Daniel: I don't know if there's a low point, Michael. I think I would have liked to have success...not that I'm successful. I think that we would have liked to figure this out sooner rather than later.
It did take a long time to get to a point where we do have these type of prospects coming through as often as they are. So I don't know if that's saying as a low point, but I think there was a lot of frustration in, "How am I going to really be different? I'm another Certified Financial Planner. I'm another financial advisor who does retirement planning." All these things that I think every advisor says about themselves.
So I think that the low point or the low period was really trying to figure out a way to say, "Okay, what can we really be good at? What can we really define as ours and say, 'This is who we are, and this is what we're good at, and this is why and this is how.'" And I think finding that, when I'm looking back at it, really being unsure of what direction to go I think 10 years into my career and not really feeling like I'm doing enough to bring in new business or generate new opportunities or really differentiate myself, I think that was...looking back on it, that was a time where I was kind of saying, "Okay, well, how am I going to survive in this business as a career? How am I going to make this 30 years if I can't really bring in enough new business to support the firm and what I'm doing?" So I think that was difficult when I look back on it to say, "What's going to make me different? And what's going to make me valuable to clients?"
Michael: But it sounds like answering, at the end of the day, wasn't necessarily this like, "I've decided in a stroke of genius I'm going to be a equity compensation specialist because I believe this is the strategic business opportunity in the future." It sounds like the way you ended out answering this was more of just, "Here's the thing that's interesting because I did it for a client.

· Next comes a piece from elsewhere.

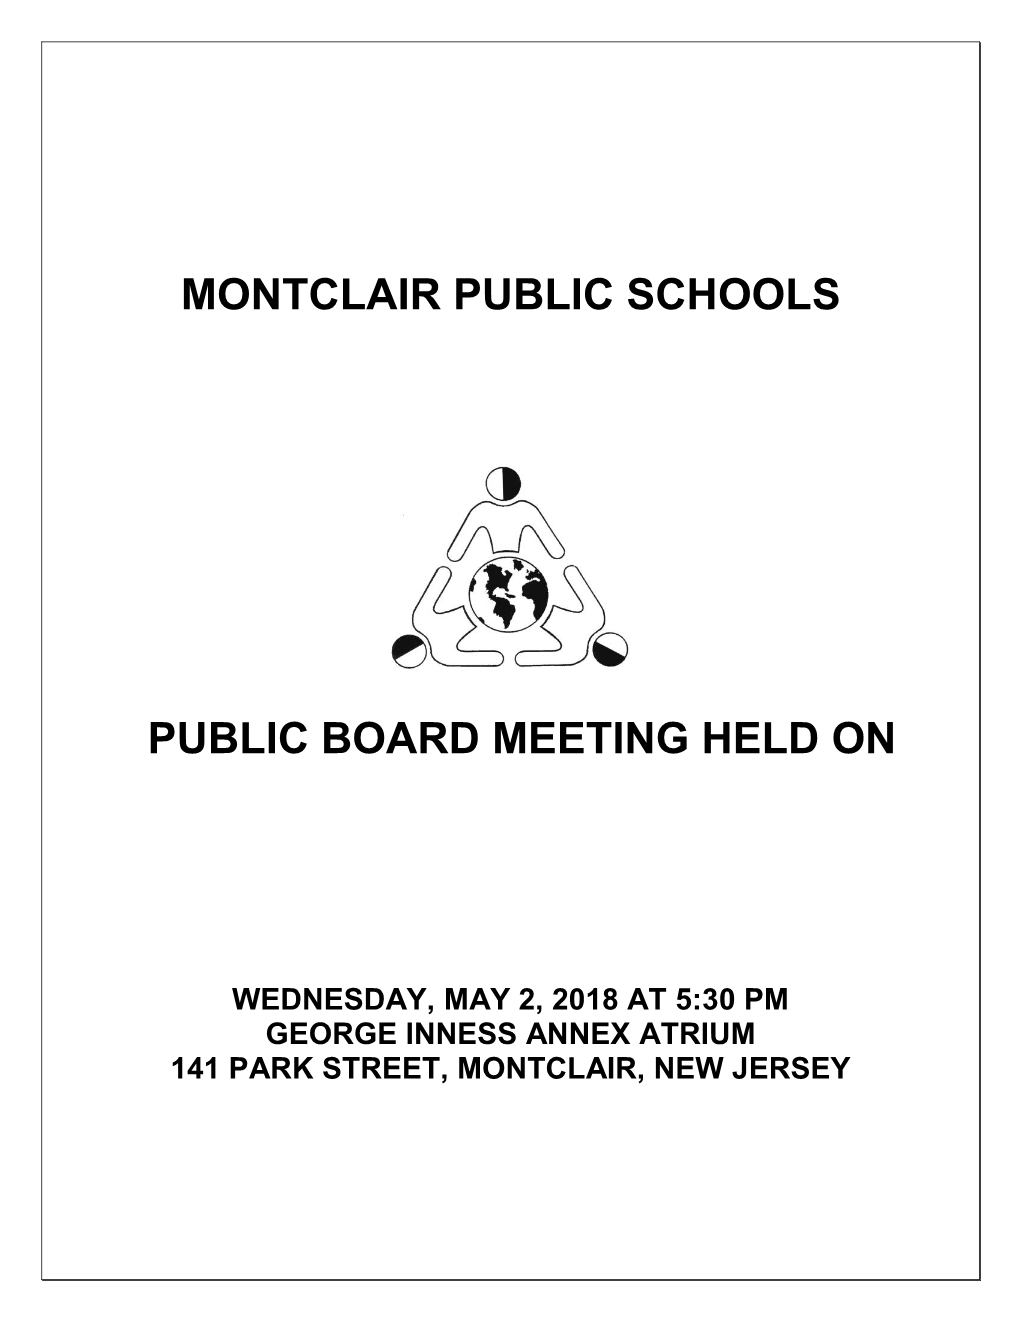 Montclair Public Schools Public Board Meeting Held On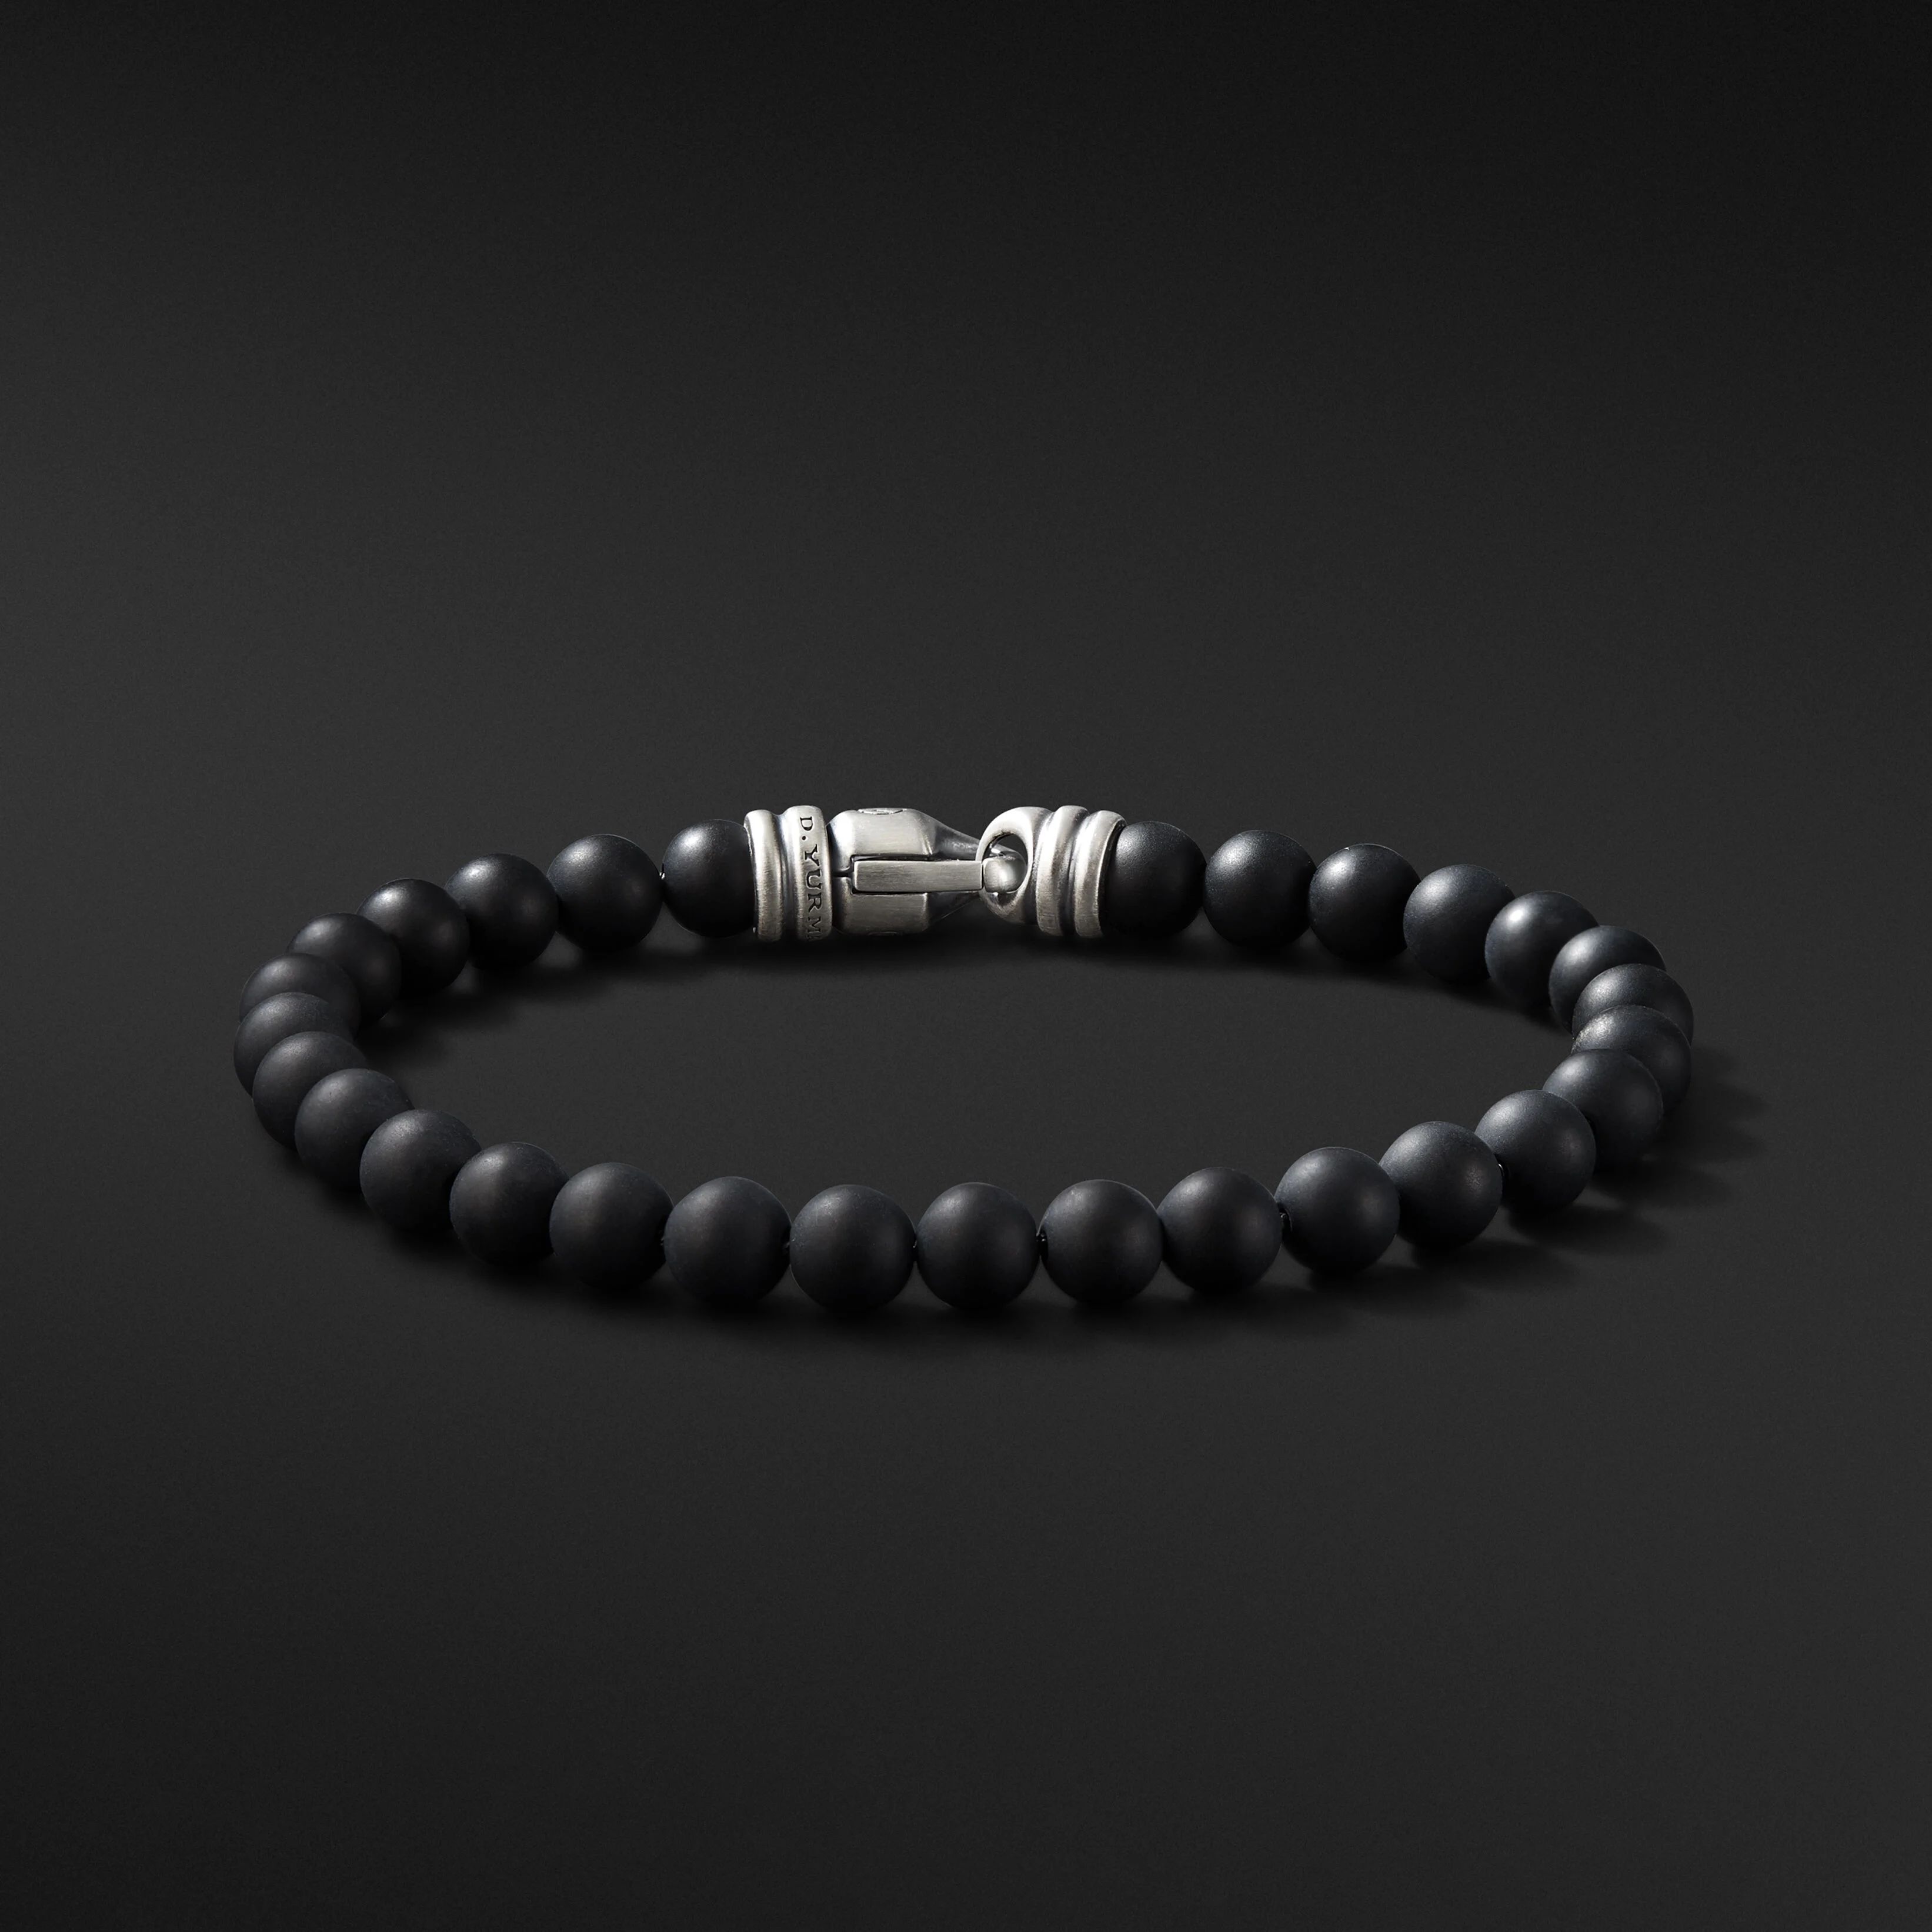 Spiritual Beads Bracelet in Sterling Silver with Black Onyx | David Yurman

So I'm going to write a little bit about it. And oh, look, I got another client. So I guess I'll do a little bit more of it. And I did it for a while, like, well, darn, this actually worked out. This is really becoming something." That it was very organically evolving for you, as opposed to like a grand master plan of, "This is the niche I'm going to make for my future and why."
Daniel: Yeah, I think it was organic. I think it was very organic. And again, that doesn't mean along the way it was unintentional, because I think it became more intentional as it started to go. And I think just kind of reading and talking and writing and it just, it did become intentional. So I don't want to portray that it was, just kind of fell in our lap and so be it.
But it was...yeah, it wasn't this...it wasn't a laid-out intentional plan from the beginning. But it was something that we realized we could be really good at. We can make a difference. And something that we did over time, just slowly put a little bit more energy into. And as we put more energy into it, because we realized we were making a difference, that it became a core part of what we're doing.
So yeah, it sounds...it was definitely the long game. And I think we're in the third inning or the second inning. I think there's still a lot more to grow here. But it wasn't a grand master plan that we sat around a conference table and drew up five years ago.
Michael: It didn't stop you. You just found a thing that worked a little and iterated and did it a little more and let it compound.
Daniel: Yeah. And just let it compound. Yeah. And again, it was, we had other business. We had other clients that were still coming in from the traditional business and other efforts we were doing. So we certainly weren't at a point where it was all or nothing. So that stability allowed us to be nimble and flexible more in what turned out to be a long game. And that ability has really obviously benefited us now as we're able to do more and more of what we're doing with this.
Michael: So then from the flip side, do you have worries or fears that as you go further in the direction of this niche that you're going to alienate or lose existing clients because you used to be focused on, call it traditional retirees, and now you're doing this equity compensation focus thing instead?
Daniel: Yeah, I think yes and no, right? I do think that with a niche, there is a concern that are my other clients going to feel like they're not being serviced? But I think having the firm around us, where there are other people doing other things helps, right? And there's a lot of truth to that where others in our firm aren't as integrated in equity comp as I may be.
So that balance of skill set is really good for us as a firm as a whole. So I think that's really important that we have that so we don't alienate our traditional clients. But again, I think that all these equity compensation clients also have the needs that our traditional clients have too. They're asking, "How can I be more tax-efficient? When can I retire? How much money can I spend in retirement? What does my investment portfolio look like?"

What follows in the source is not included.